Your goal: Please return the listing exactly as written, but without its pictures.

Given material:
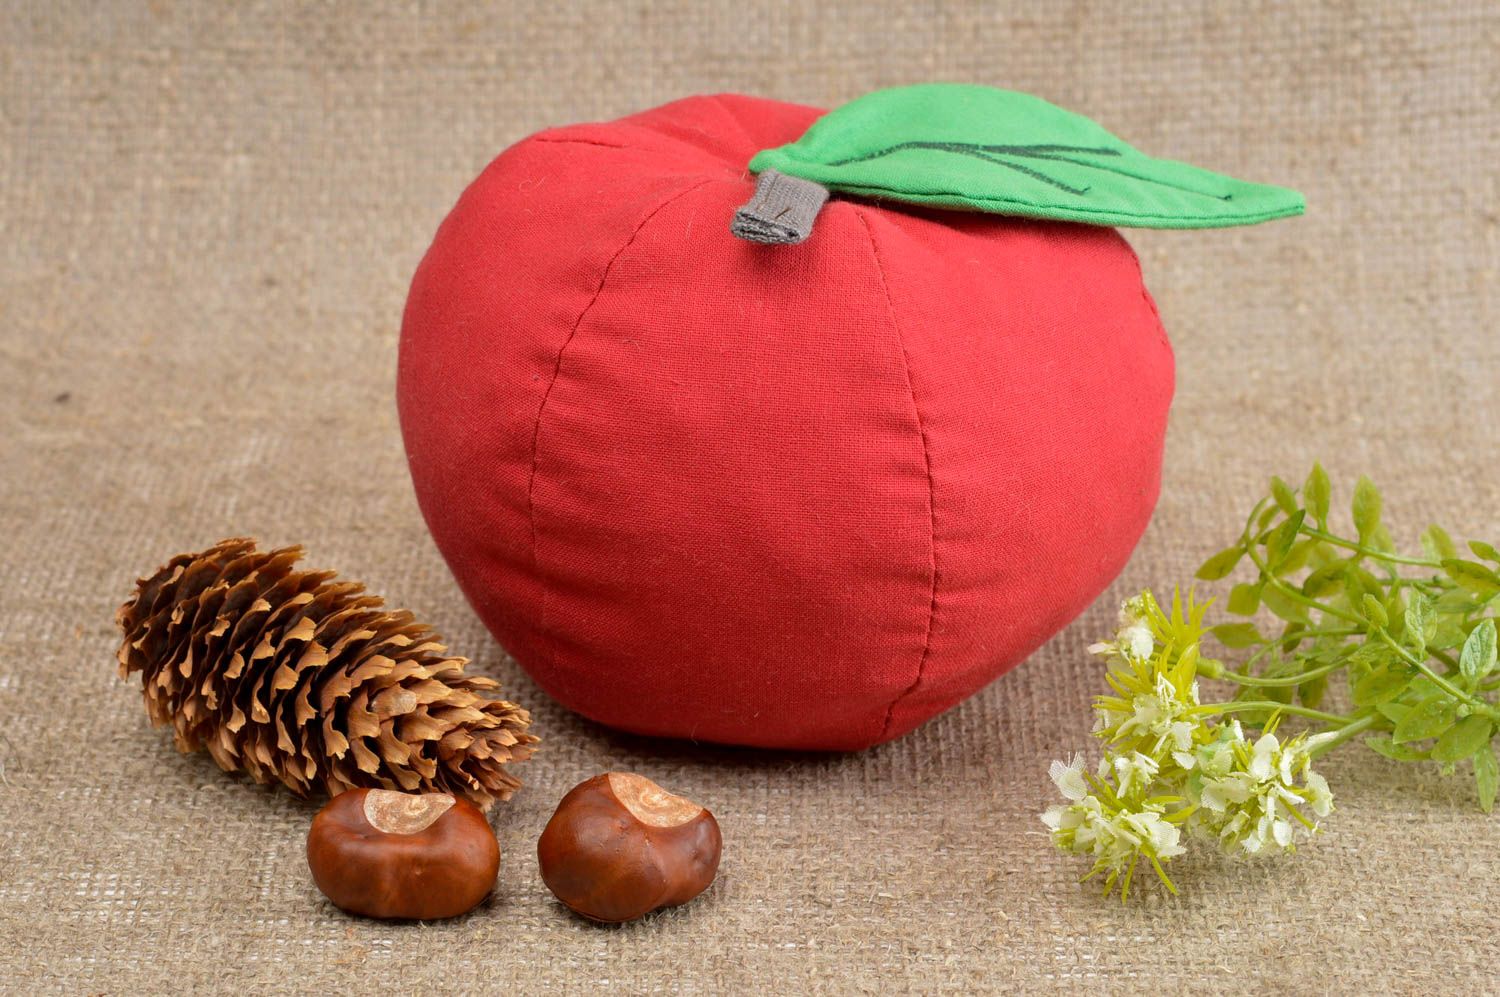 Spielzeug Obst Gemüse handmade Haus Deko Apfel schönes Deko Spielzeug in Rot foto 1
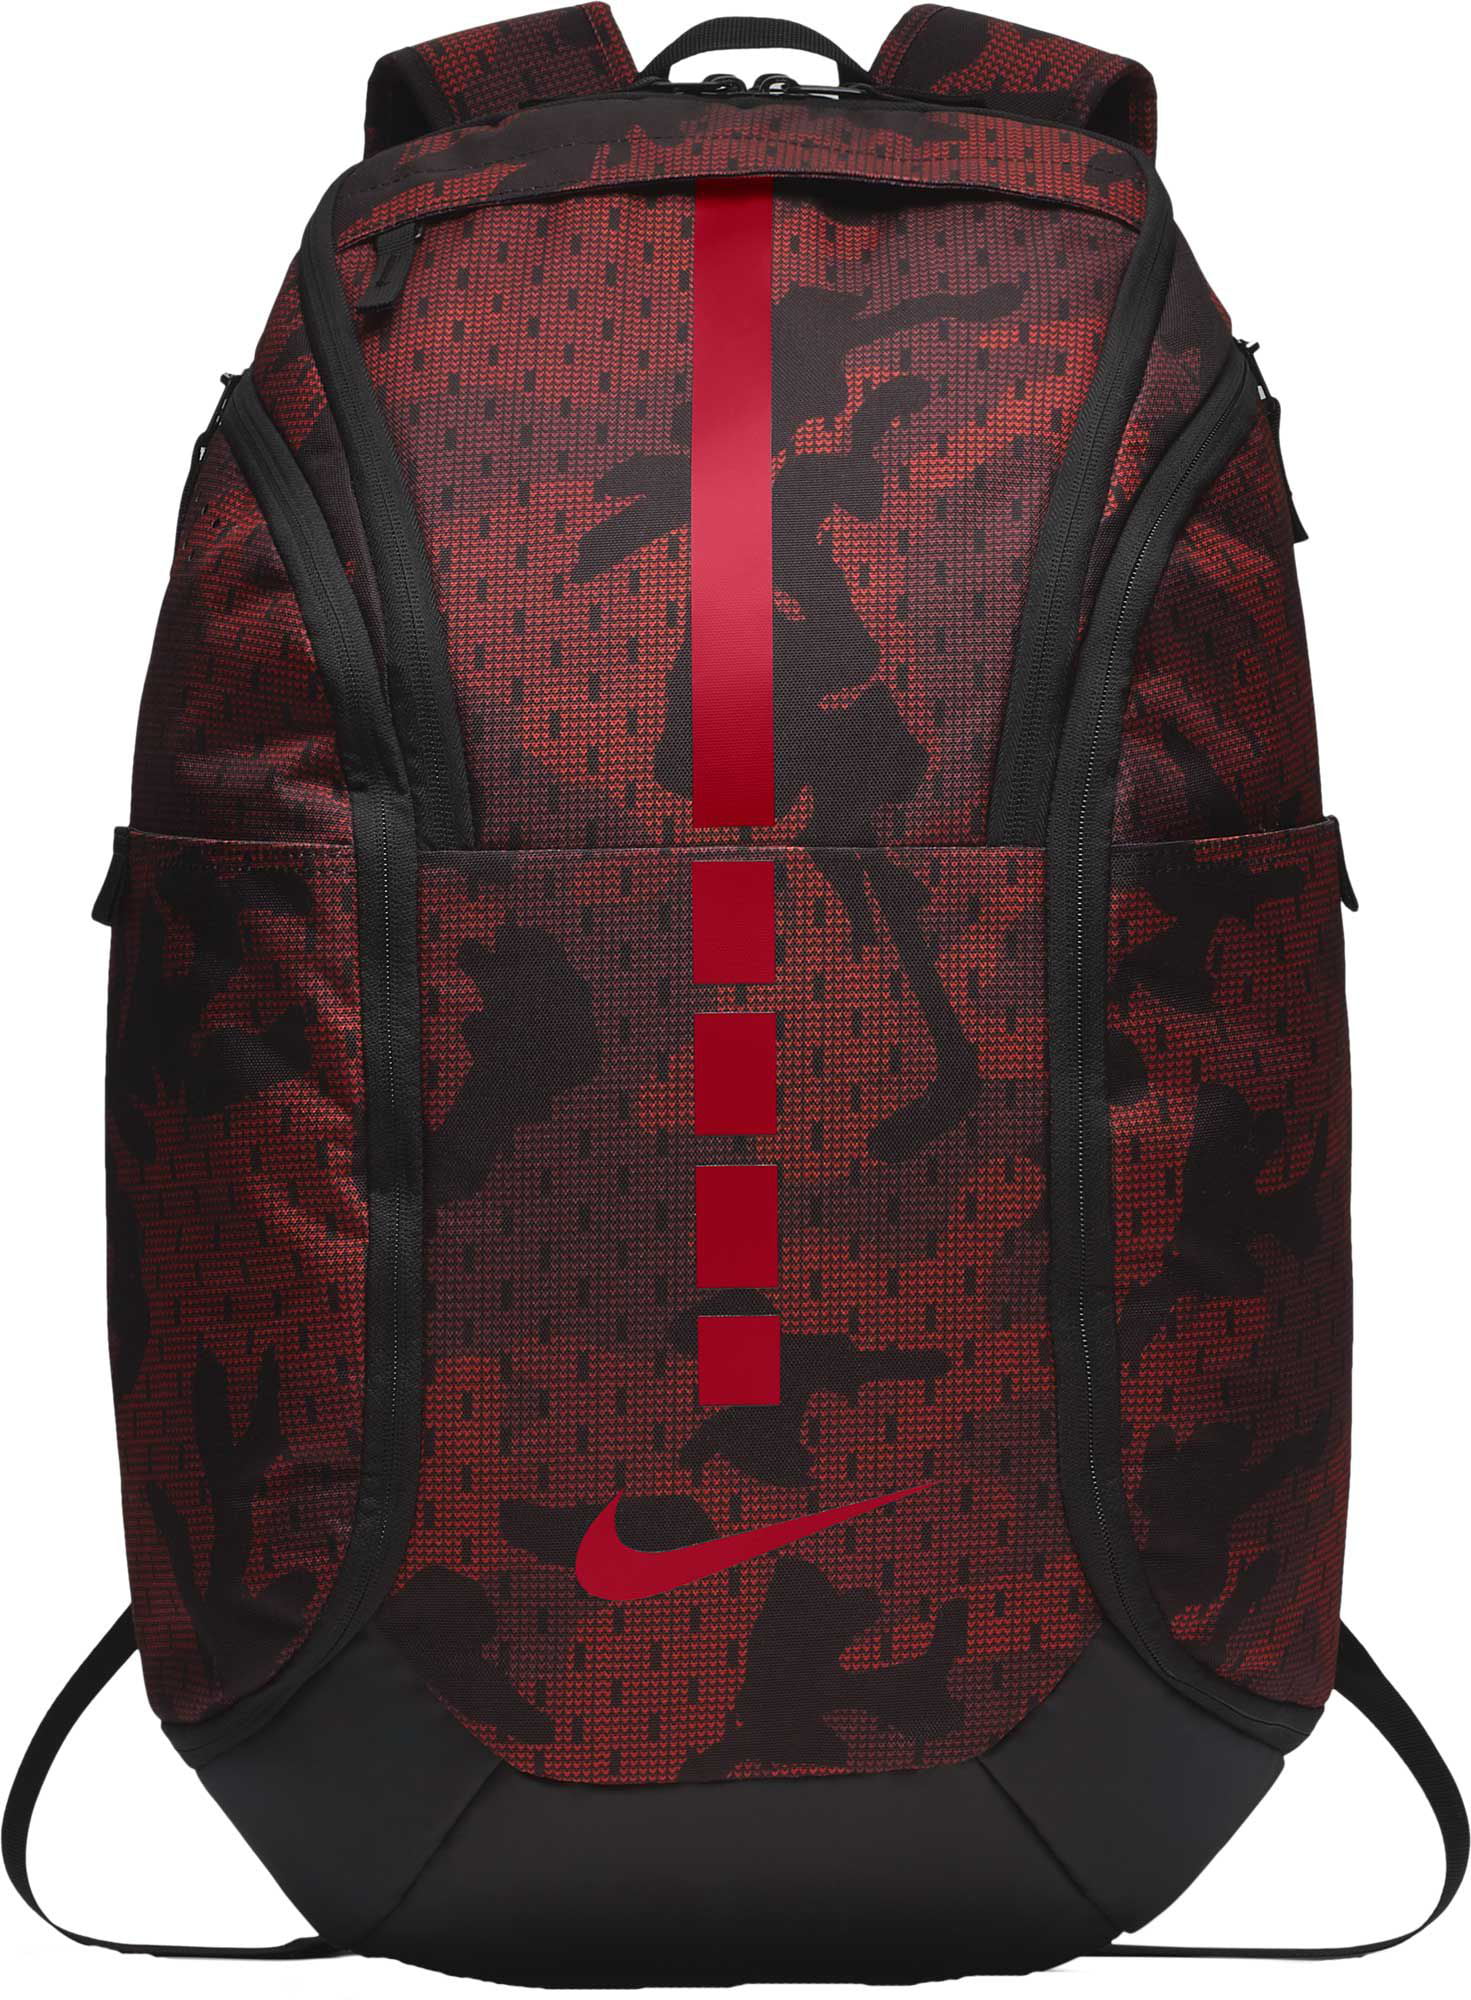 nike hoops elite backpack red
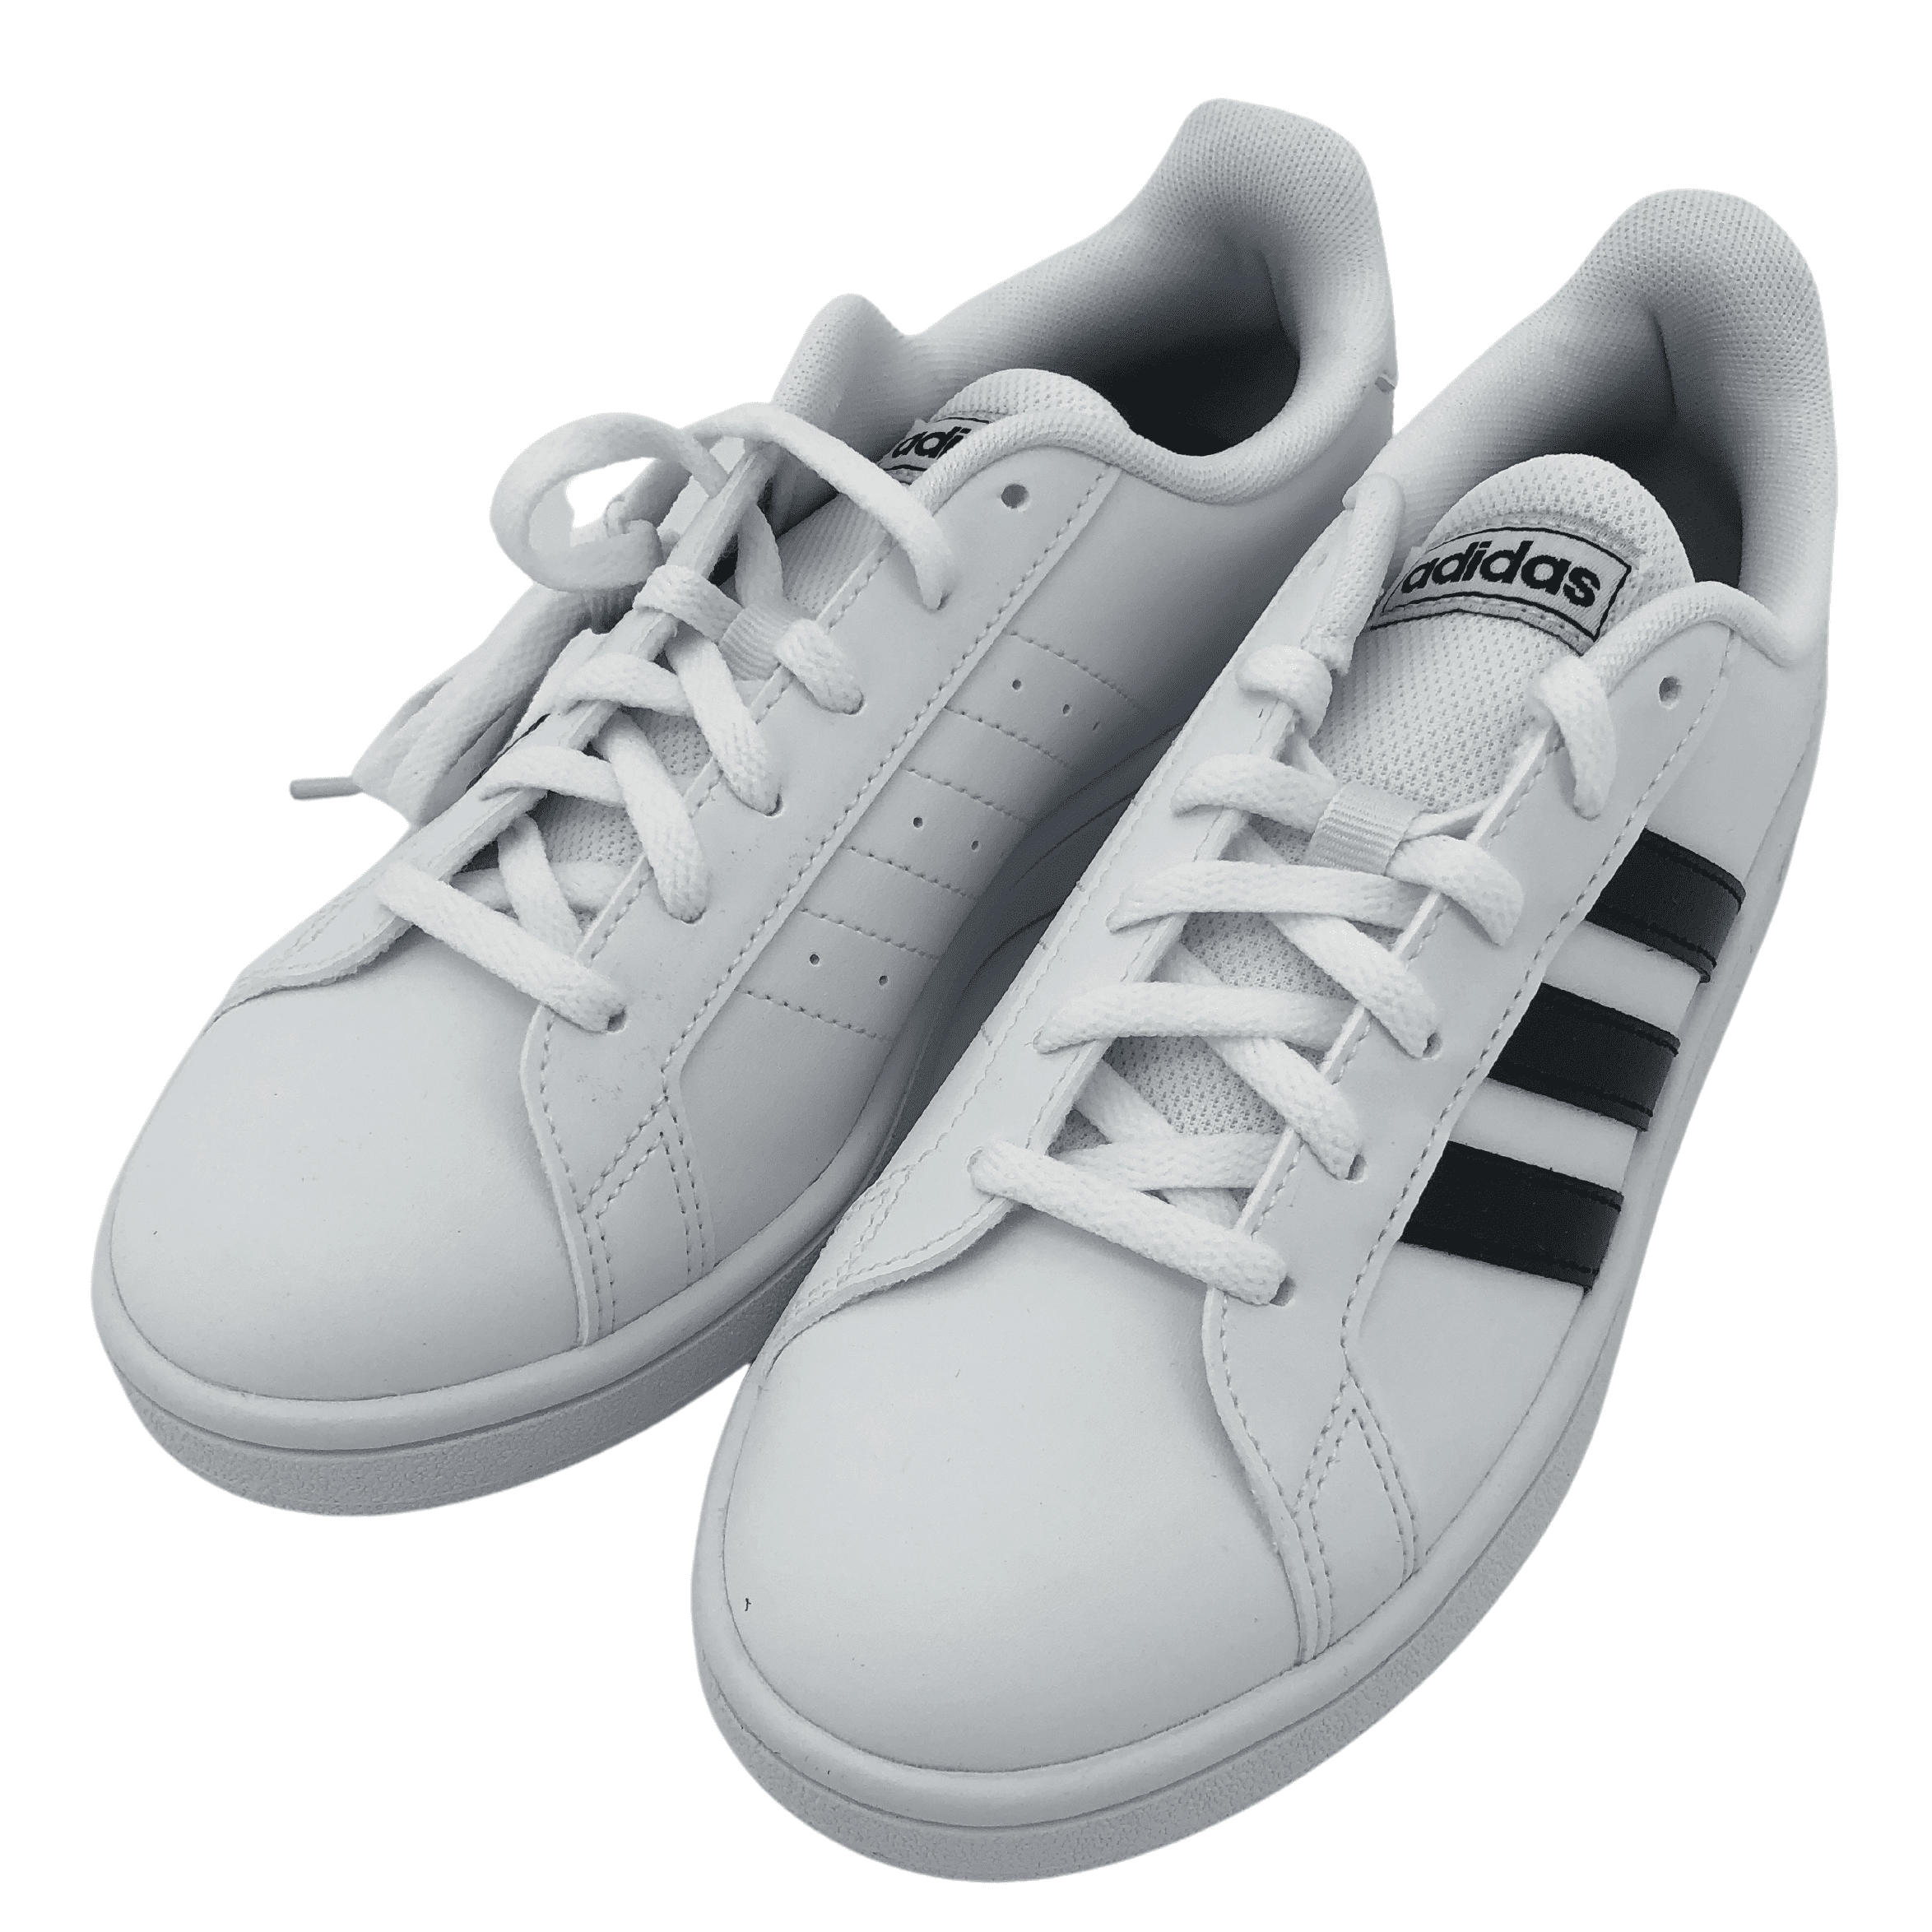 Adidas Women's Sneaker: Grand Court Base / White w/ Classic Black Stripes / Various Sizes

Answer section:
 Spielzeug Obst Gemüse handmade Haus Deko Apfel schönes Deko Spielzeug in Rot foto 1
 nike hoops elite backpack red
 Adidas Women's Sneaker: Grand Court Base / White w/ Classic Black Stripes / Various Sizes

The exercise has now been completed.